You can’t break that with fact-checks or appeals to reason. This relationship is emotional and psychological, not logical. That’s why the “they’ll come to their senses” approach has failed for years — it assumes a rationality that isn’t there.
And that’s why Newsom’s strategy matters. He’s promised to respond to GOP gerrymandering with equal force — and every Democratic-controlled state should do the same. Never doubt the need to follow through.
So yes — go Newsom.
But more than that: go every Democratic governor, state legislature, and official who understands that this moment calls for strategy, not moral posturing. The time for unilateral good faith is over. The time for reciprocal hardball has begun.
The 2026 test isn’t whether Democrats can stop authoritarianism with noble resistance.

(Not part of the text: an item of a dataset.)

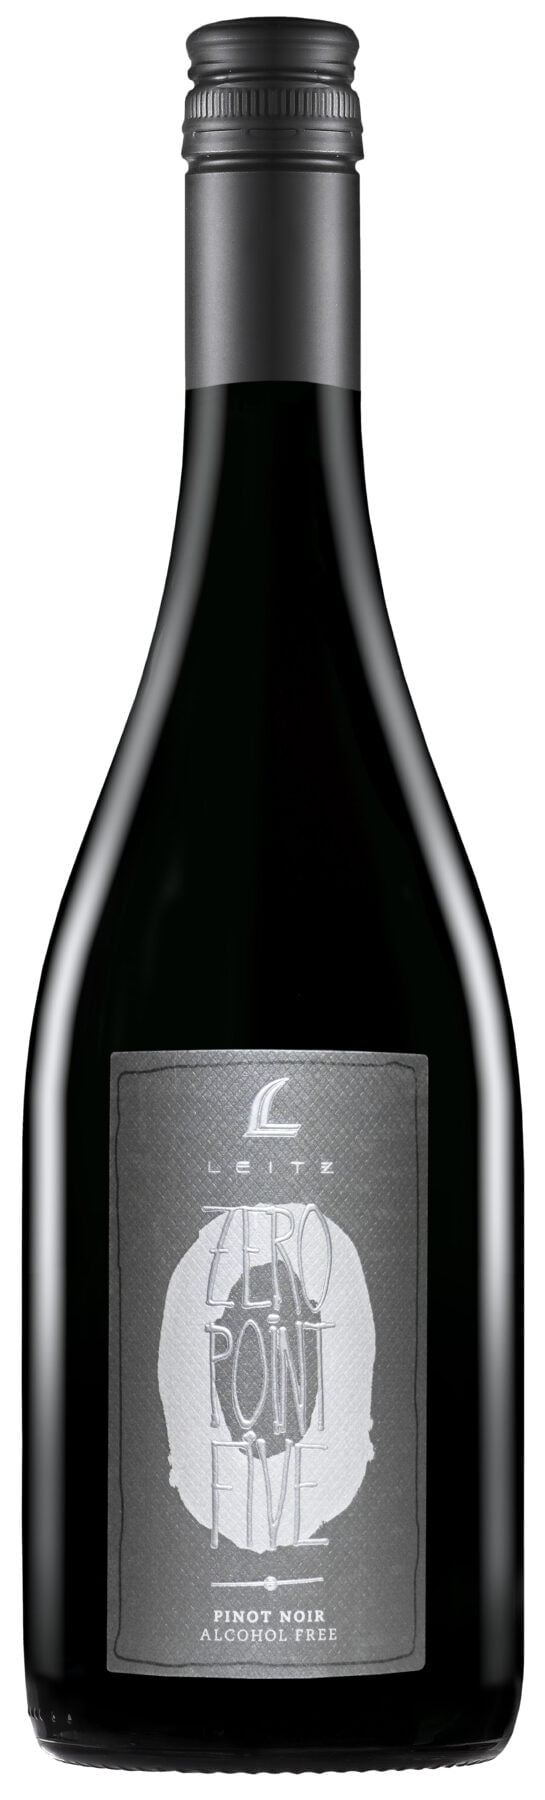 Grassroots Wine Weingut Leitz 'Zero Point Five' Pinot Noir (NA)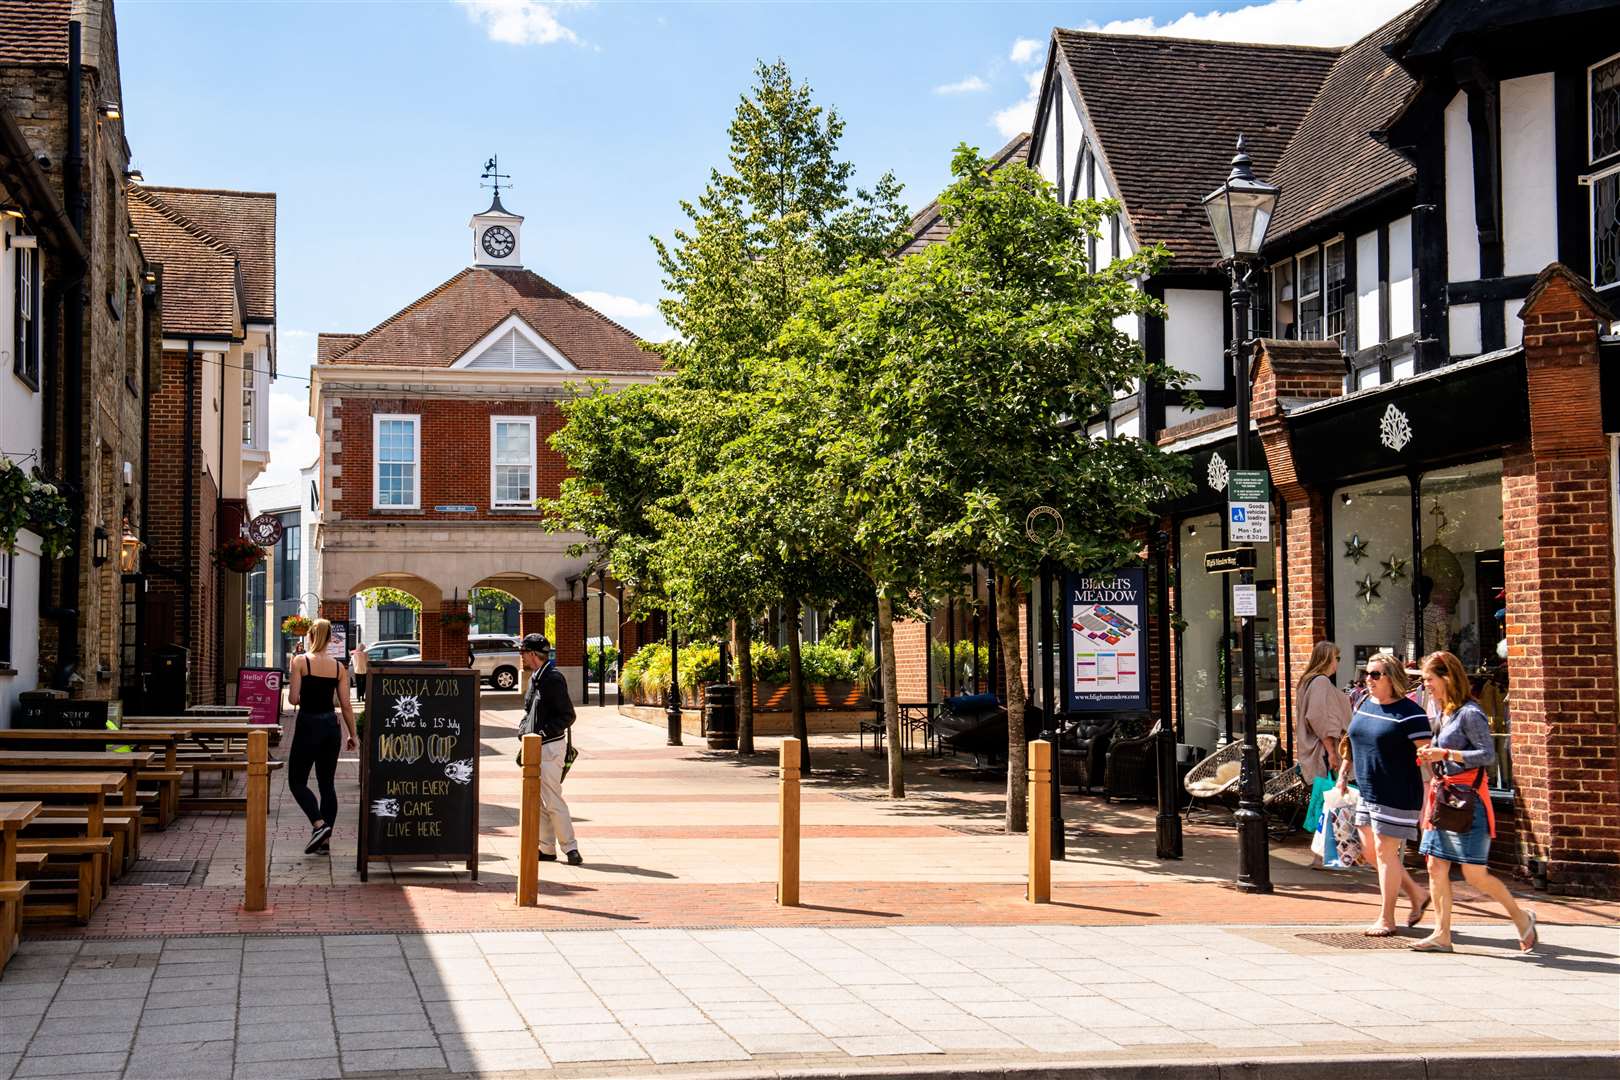 Sevenoaks town centre is described as 'lively'. Picture: Sevenoaks District Council

It’s whether they can stop it with strategic competence — matching authoritarian intensity without abandoning democratic purpose. Fighting fire with fire while making sure the fight is for something worth saving.
Newsom is showing the way.
The question is whether enough others will follow before the clock runs out.
As a native Californian, I haven't been a big fan of Newsom over the years - he's been too slick, too close to the rich, showing style over substance. Who knew that that last trait would prove to be just what the Democrats could use in preparation for 2026. He may be just the voice to lead the Democrats out of their policy-bound wilderness.
Great article! Newsom is out there trolling Trump and the republicans. I love it.